Scientists examining first pregnant Egyptian mummy believe they understand why none have ever been found before
-
Scientists who registered a pregnant mom have explained why they believe no more have been found.
-
This could be due to a chemical reaction that dissolves the bones of unborn children.
-
This makes them almost invisible to x-rays and could mean that other pregnant mummies simply went unnoticed.
Scientists working on mummified remains from Egypt recently made a huge discovery: a set of remains that they believed to be a man were actually a woman and a pregnant woman.
Before the Warsaw Mummy Project analyzed the remains, no one had ever spotted a fetus in a mummified body before.
Wojtek Esjmond, a Warsaw mummy project who led the study, told Insider on Friday that it had always seemed odd.

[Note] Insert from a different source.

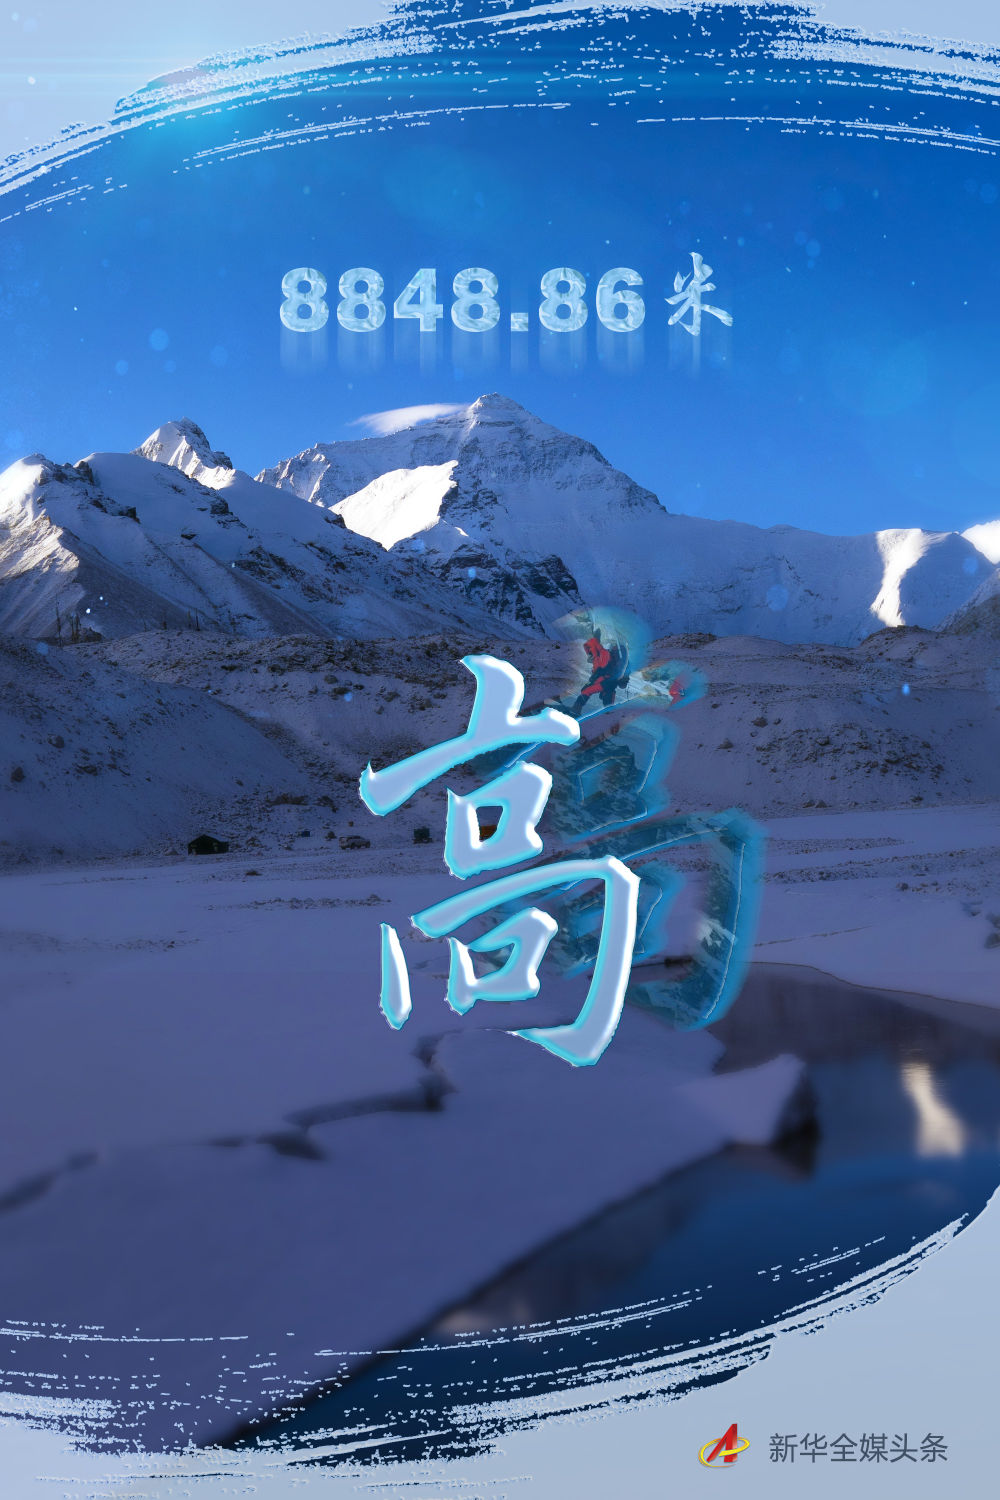 往更高处长、往长春北京倾向挪移——来自海拔8848.86米的陈说
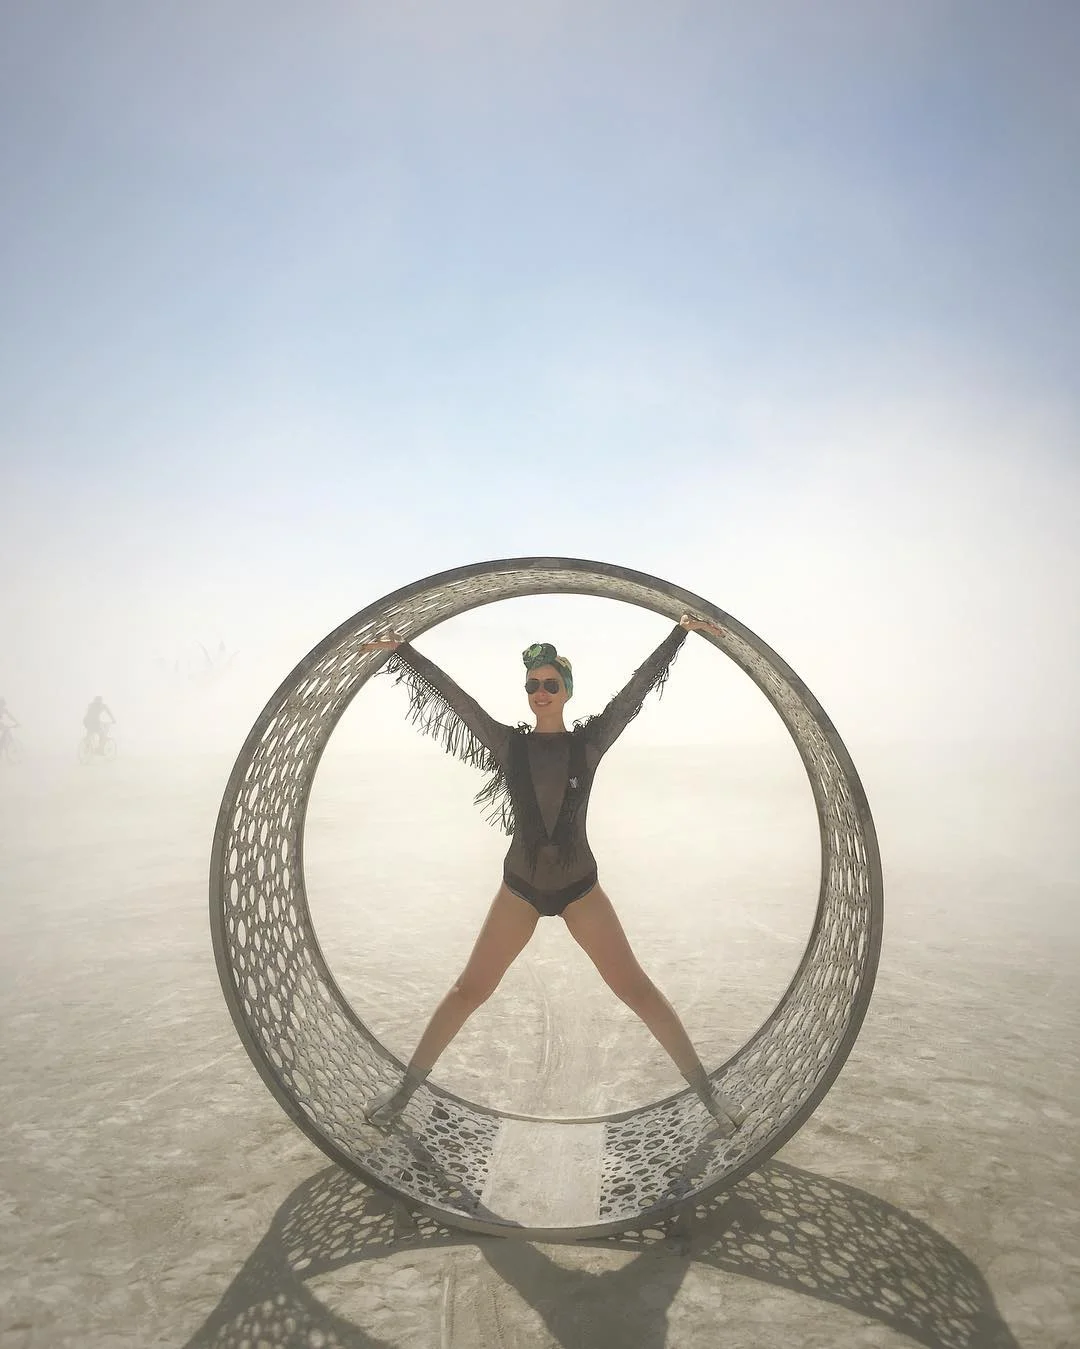 Пыль, голые тела и современное искусство: крутые фото с фестиваля Burning Man 2017 - фото 336387

“Women of childbearing age may not have been constantly pregnant, but every few years they would have been pregnant,” he said. So why was there no evidence that dead pregnant women mummified?
Fetal skeletons – the usual way to spot a developing baby in these kinds of cases – never showed up on x-rays. Scientists had to develop technology that didn’t look for bones.
“Radiologists were looking for bones, and our case shows that in fact you shouldn’t. You should be looking for soft tissue with a unique shape,” he said.
In a letter published Dec. 30 in the peer-reviewed Journal of Scientists, the researchers speculated as to why the fetus might have disappeared from scans. It is basically stripping.
“It’s like an experiment with an egg. You put an egg with an acid, the shell dissolves, leaving only the inside of the egg,” Esjmond said.
“When the acid is evaporated, you have a pot with just an egg coated in minerals,” he said.
Something similar probably happened in the body of the mummy.
As the body breaks down, it begins to acidify naturally. “Formic acid appears in the blood, which makes the body’s environment more acidic,” Esjmond said.
When this acidic environment hit the dead fetus, almost all of the bones dissolved. The remnants of the chemical reaction, a pile of minerals, were dispersed in the water that remained in the uterus, scientists speculated.
This made the small body virtually invisible to x-ray scanners.
“One way to explain it is that [the process] marinated it, basically, ”Esjmond said.
So why didn’t the mother’s bones dissolve?
This is because, during mummification, the body is covered with natrium salt to dry out the body. Drying it captured the minerals in place, Esjmond said, so the bones could still be spotted.
So far, the mummy studied by the Warsaw Mummy Project is the only one believed to have been mummified while pregnant.
“But other research might show it’s more common than you think,” Esjmond said.